Definition – Diagnostik – Ursachen – Psychotherapie

Depressionen sind psychische Störungen mit Krankheitswert. Wesentliche Merkmale sind die Beeinträchtigung der Stimmung, Verlust der Freude, emotionale Leere, Interessenverlust, Antriebs-und Motivationsantriebslosigkeit und umfangreiche körperliche Beschwerden unterschiedlichen Charakters.

Diese Störungen sind häufig mit anderen Störungen wie Ängste, Manien, Persönlichkeitsauffälligkeiten (vor allem bei Kindern) verbunden.
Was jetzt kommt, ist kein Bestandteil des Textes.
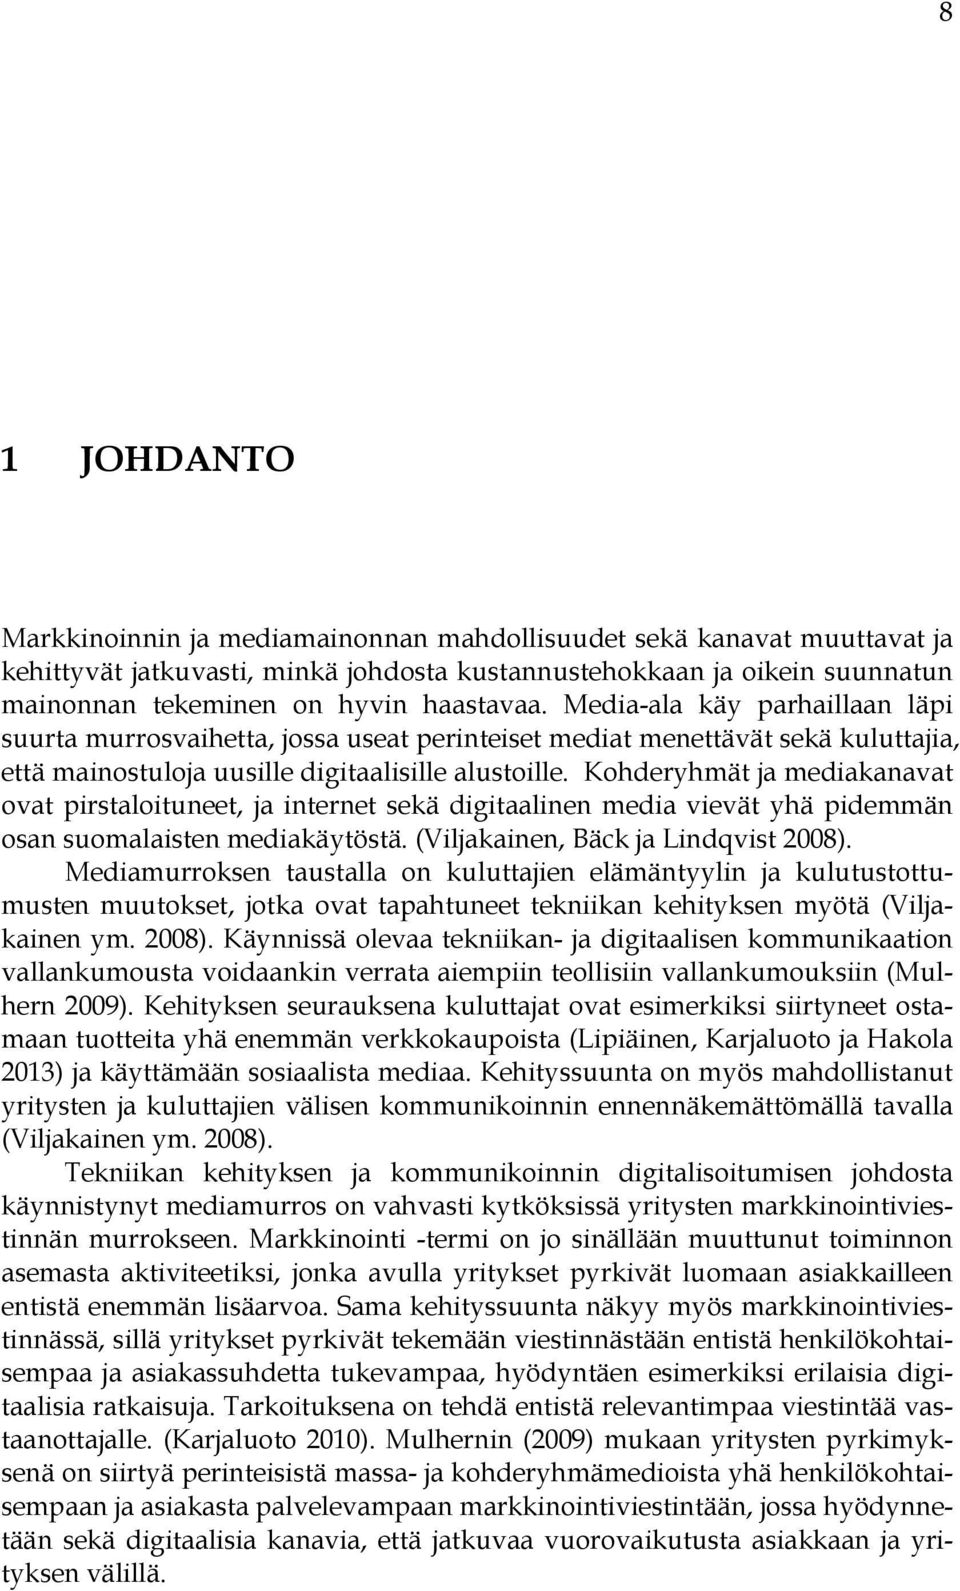 Kohderyhmät ja mediakanavat ovat pirstaloituneet, ja internet sekä digitaalinen media vievät yhä pidemmän osan suomalaisten mediakäytöstä. (Viljakainen, Bäck ja Lindqvist 2008).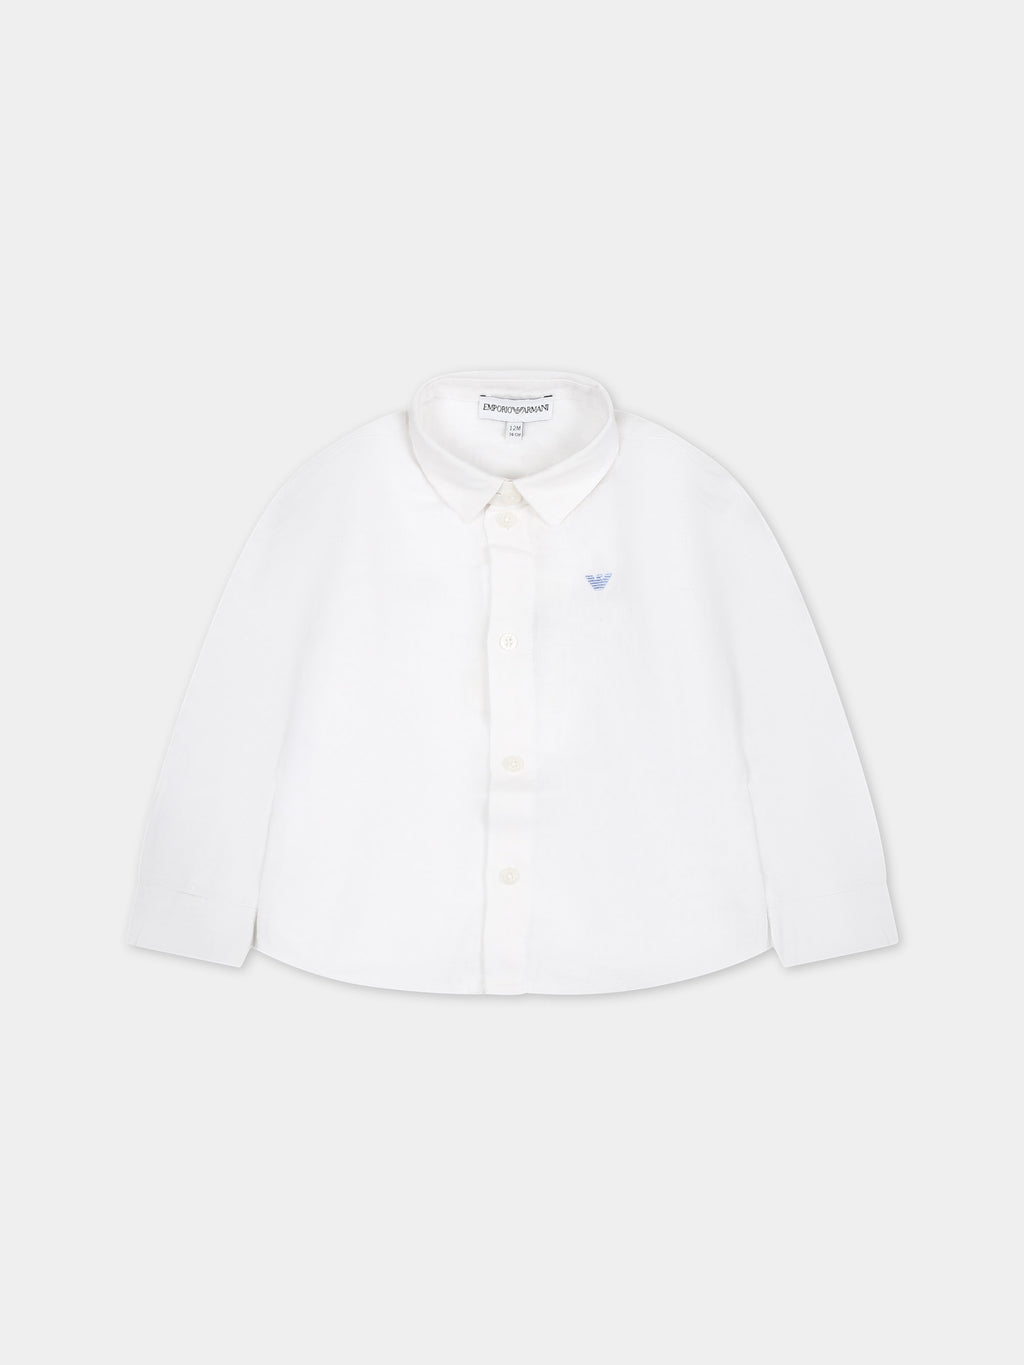 Chemise blanche pour bébé garçon avec un aiglon emblématique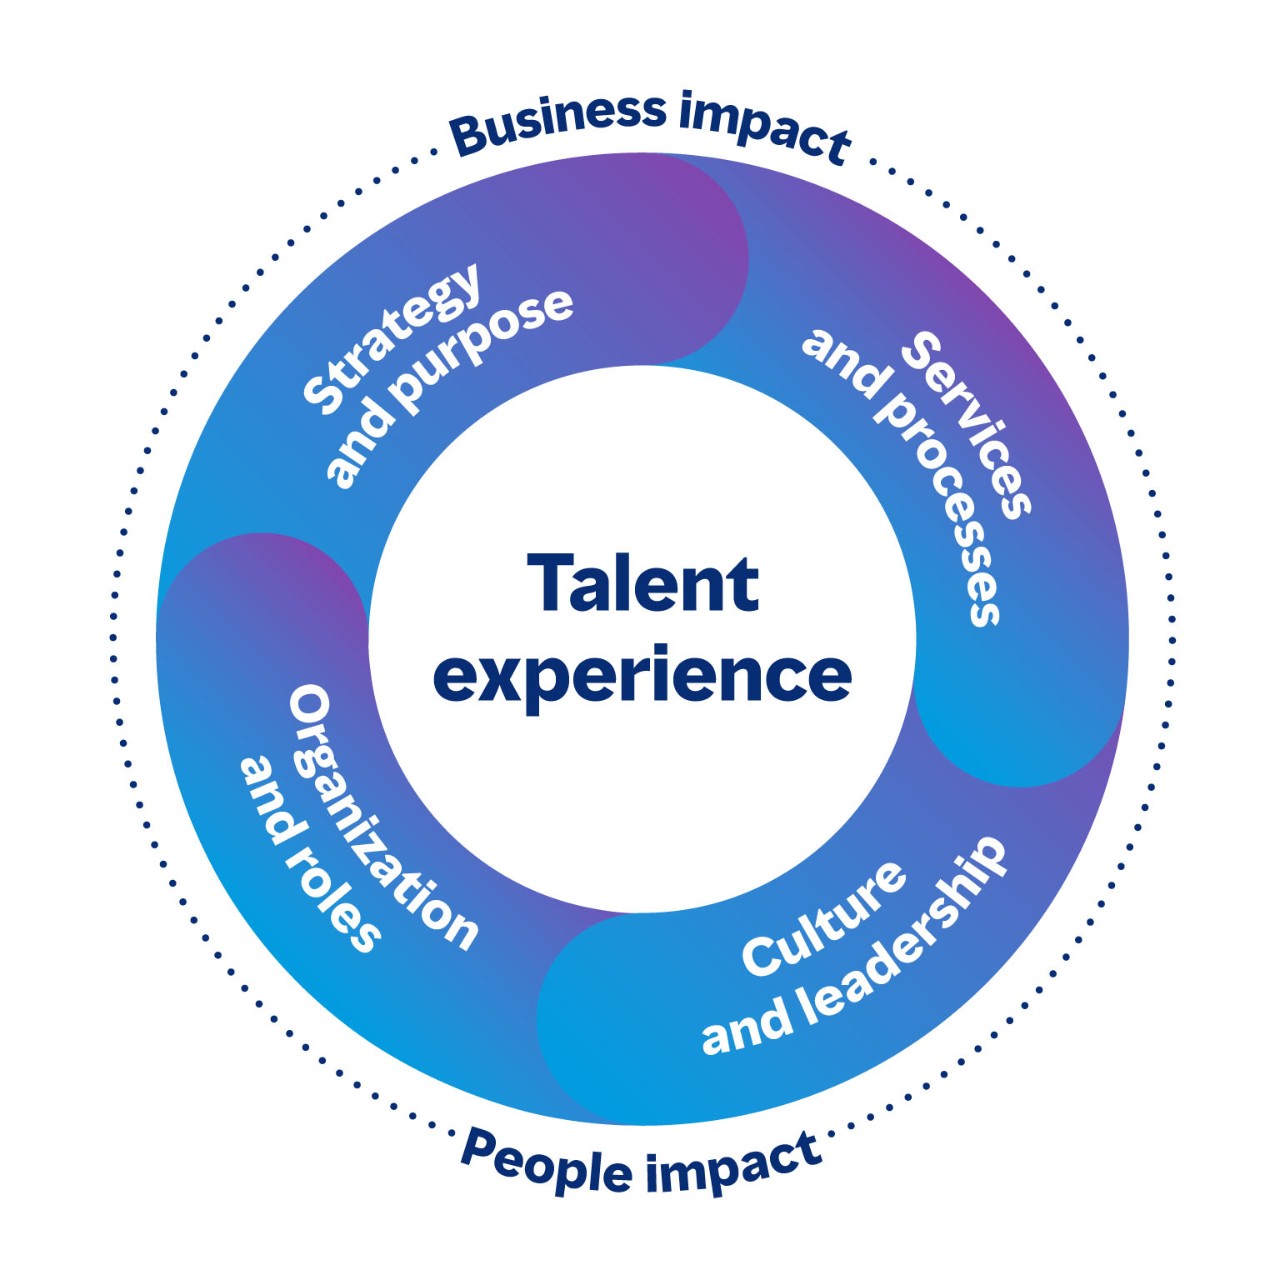 Cirkulært billede, der viser de forbundne områder af medarbejderoplevelsen, der har både en forretningsmæssig og menneskelig effekt. De fire områder er Strategi og formål, Tjenester og processer, Kultur og lederskab, samt Organisation og roller.

Deshalb gelten Depressionen auch als häufigste aller psychischen Beeinträchtigungen. Viele Menschen kennen die genannte Symptomatik, ohne gleich als depressiv zu gelten. Wenn die Traurigkeit, Niedergeschlagenheit, Energielosigkeit, Selbstzweifel, Sinnlosigkeit, Appetitstörungen, Libidoverlust, Schlafstörungen, Kopfschmerzen, Konzentrationsprobleme nicht ein gewisses Maß übersteigen, bzw. eine bestimmte Dauer oder auch Reaktionen auf die Erfahrungen von Verlusten, Misserfolgen, Enttäuschung und ungewöhnliche Belastungen darstellen, gelten sie noch als normale gesunde Äußerungen des Menschen. Der "kleine" Unterschied zwischen gesund und krank gehört mit zu den (noch) ungelösten Fragen der depressiven Störungen.
Wie sollte demnach diagnostiziert werden?
Depressive Syndrome sind nur durch die Vielzahl der Auffälligkeiten erkennbar. Wesentlich ist, dass körperliche und psychische Probleme gemeinsam vorkommen. Dazu ist es für den Therapeuten hilfreich, die Symptome gewissermaßen differenziert zu erkennen. Folgende Systematik hat sich in der Praxis bewährt:

  1. Verhaltensbeobachtung (Motorik/Erscheinungsbild):
    Körperhaltung: verlangsamt, nervös, unruhig
    Gesichtsausdruck: weinerlich, traurig, besorgt, herab gezogene Mundwinkel, vertiefte Falten, angespannte Mimik
    Aktivitätsausdruck: eingeschränkte Bewegung, starre Haltung, Probleme in den alltäglichen Anforderungen (z.B. morgendliches Aufstehen).
  2. gefühlsmäßiges Auftreten: Hilflosigkeit, Leere, Verlassenheit, Unzufriedenheit, Angst und Sorgen, Distanz zu anderen.
  3. körperlich – nervliches Auftreten: Erregung, Reizbarkeit, Ermüdung, Schwäche, Weinen, Schlafstörungen, Schwankungen in persönlichem Empfinden, Wetterfühligkeit, Appetitverlust, Kopfschmerzen, Magenbeschwerden, Verdauungsprobleme, zu beachten ist ferner: Blutdruck, Zuckerspiegel, Kalziummangel, Eisenwerte, Serotonin/Adrenalinmangel bzw. -überschuß.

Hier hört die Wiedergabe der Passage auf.